The lack of deliberate action on the part of any characters in "I'm Not a Robot" has been increasingly irksome to me. The main obvious issue is that this has made the drama very boring. All we seem to do anymore is just watch Min-gyoo act depressed because he knows that Ji-ah probably isn't actually a robot. While the placebo effect is still working, Min-gyoo is so listless we get the feeling that at any moment he could curl up into a sad little ball and cry himself to death.

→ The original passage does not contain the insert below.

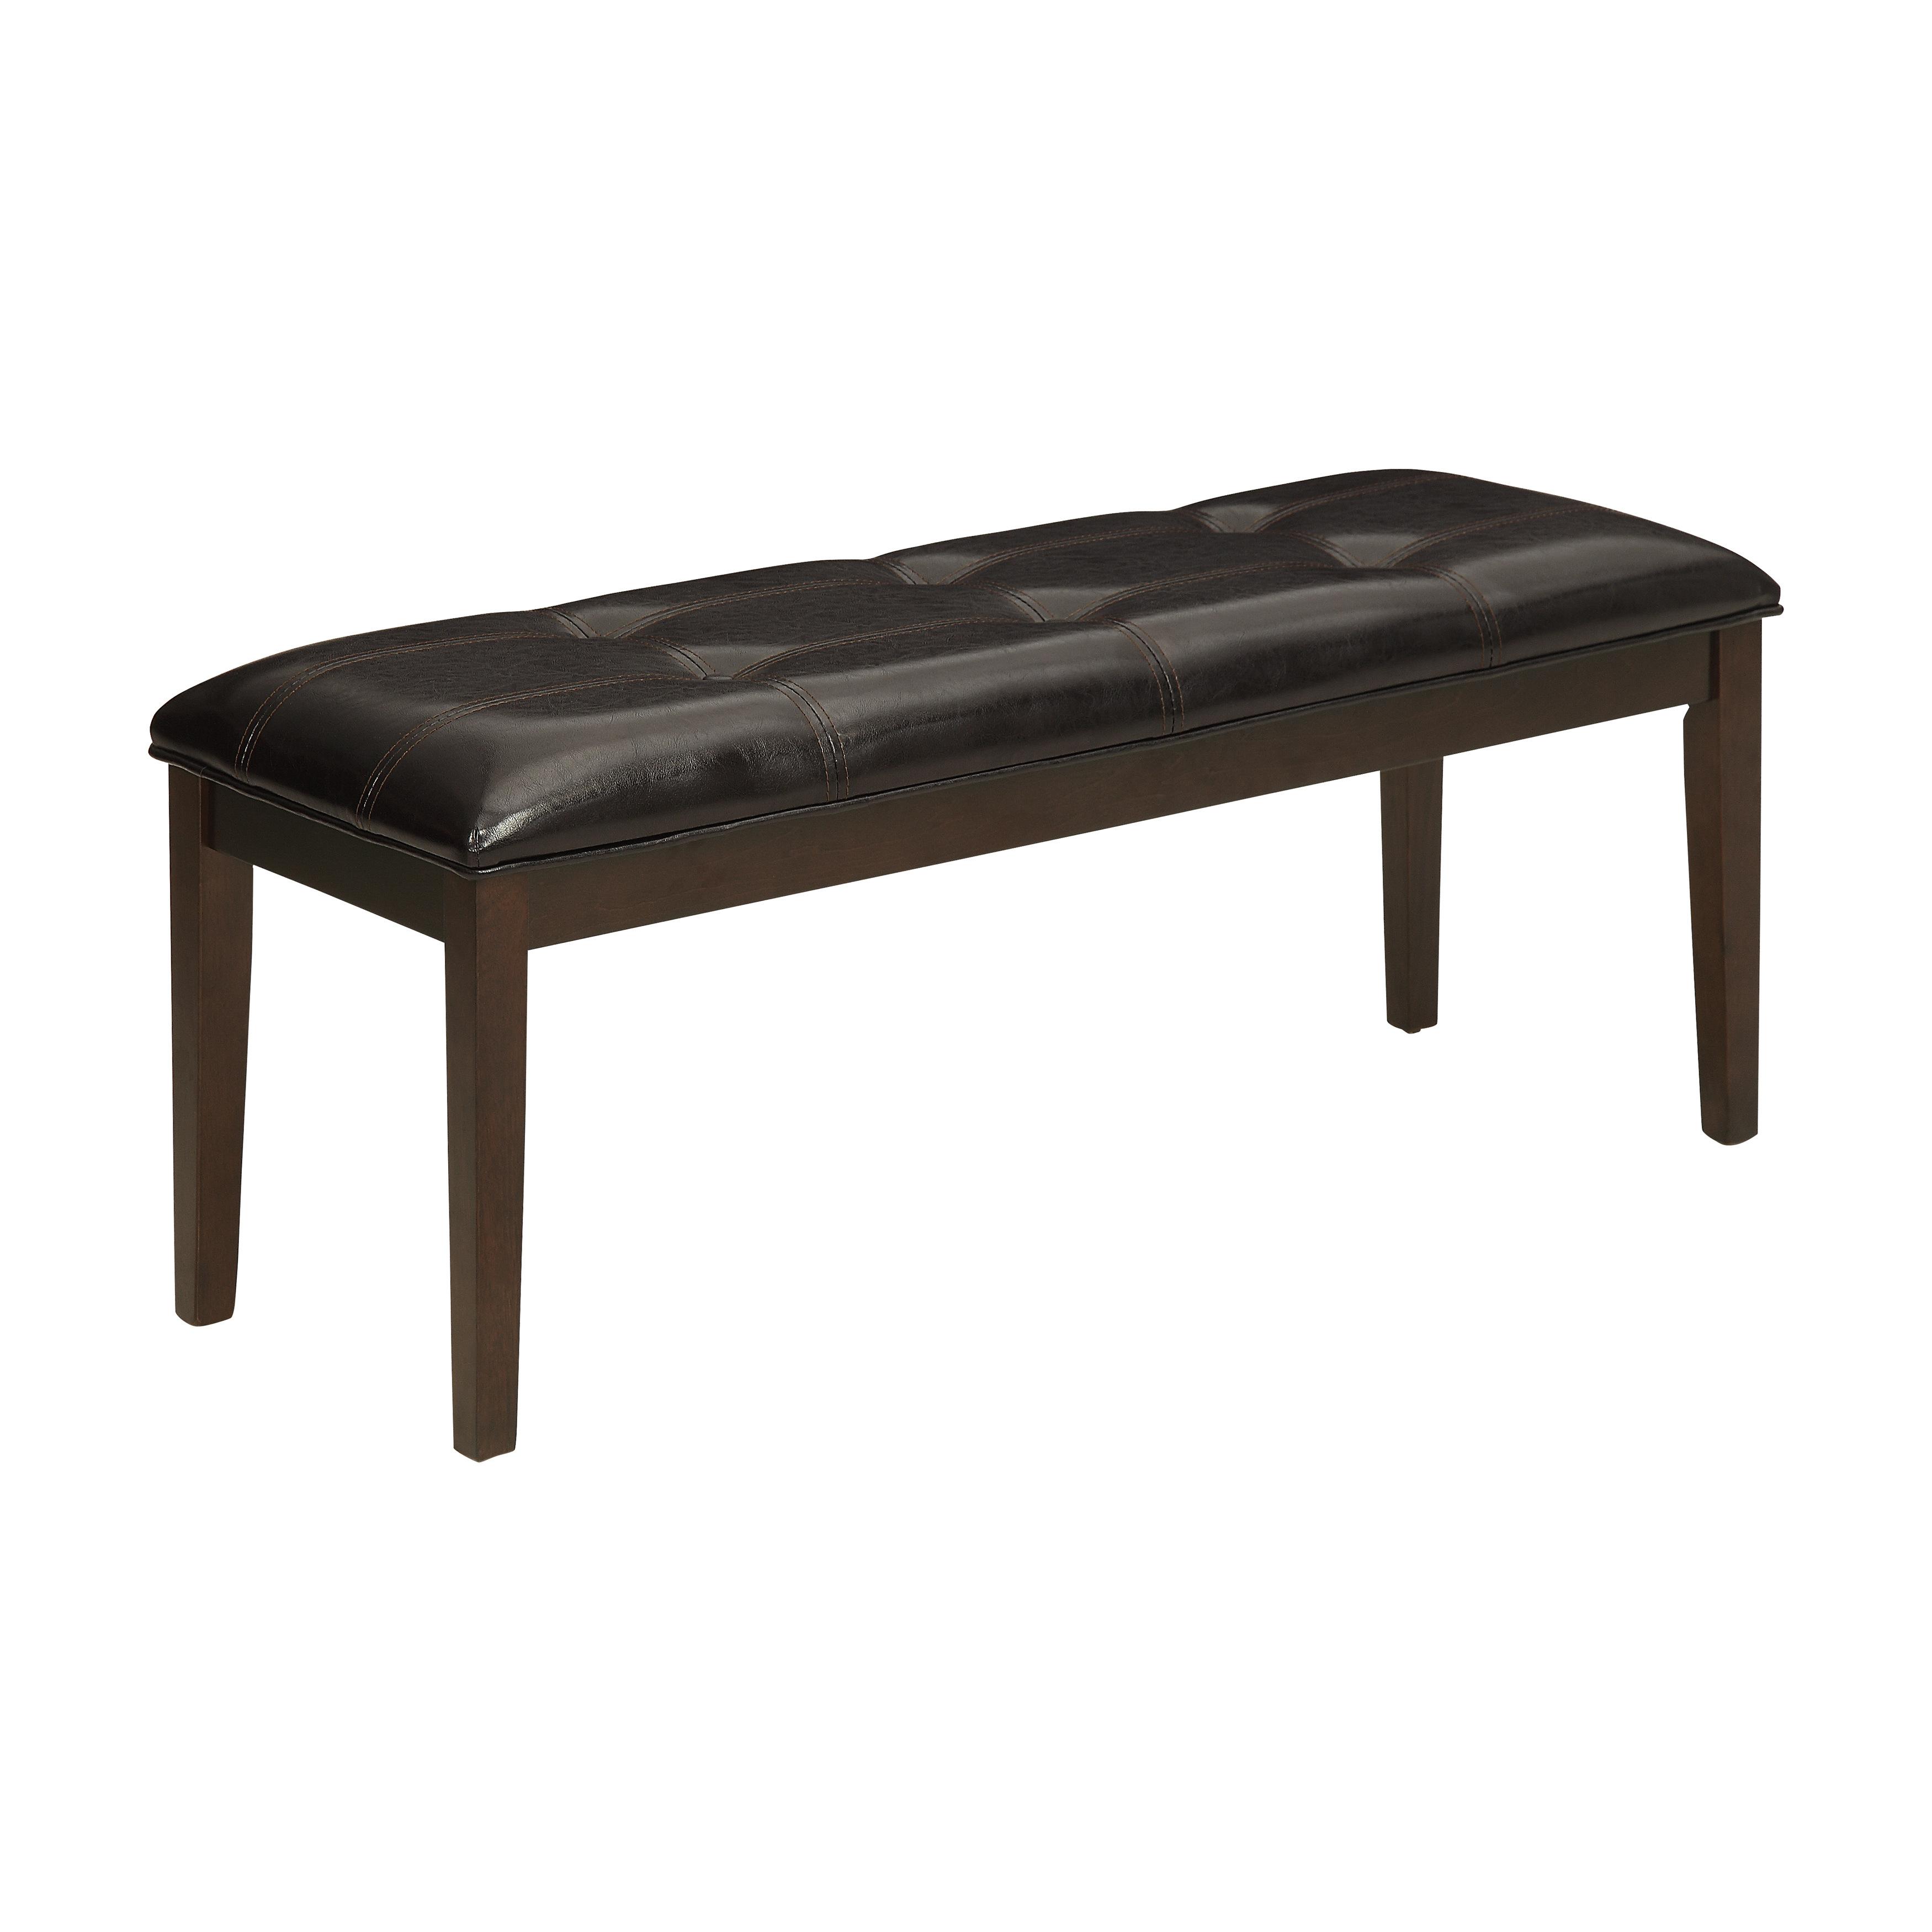 Transitional Dining Bench 2456-13 Decatur 2456-13 in Espresso Faux Leather

When that's all we have to focus on it's actually a pretty big relief to get a scene where Yoo-cheol is creeping on Ri-el. Yoo-cheol comes off as surprisingly sympathetic. Sure Yoo-cheol gets frustrated at the end, but good on him for at least being able to tell her straight up how he feels. Whereas Ri-el is so cold and emotionally unresponsive it's a little surprising any man wants to be together with her at all, or vice versa.

There's a good irony there- Min-gyoo needs a woman whom he believes to be a robot physically nearby in order to maintain the emotional fortitude necessary to romance a woman who acts like a robot. But Ri-el is as usual too thinly drawn a character for this comparative dynamic to actually go anywhere. "I'm Not a Robot" is just lurching at this point, while we're left waiting for some big movement to reinvigorate the story.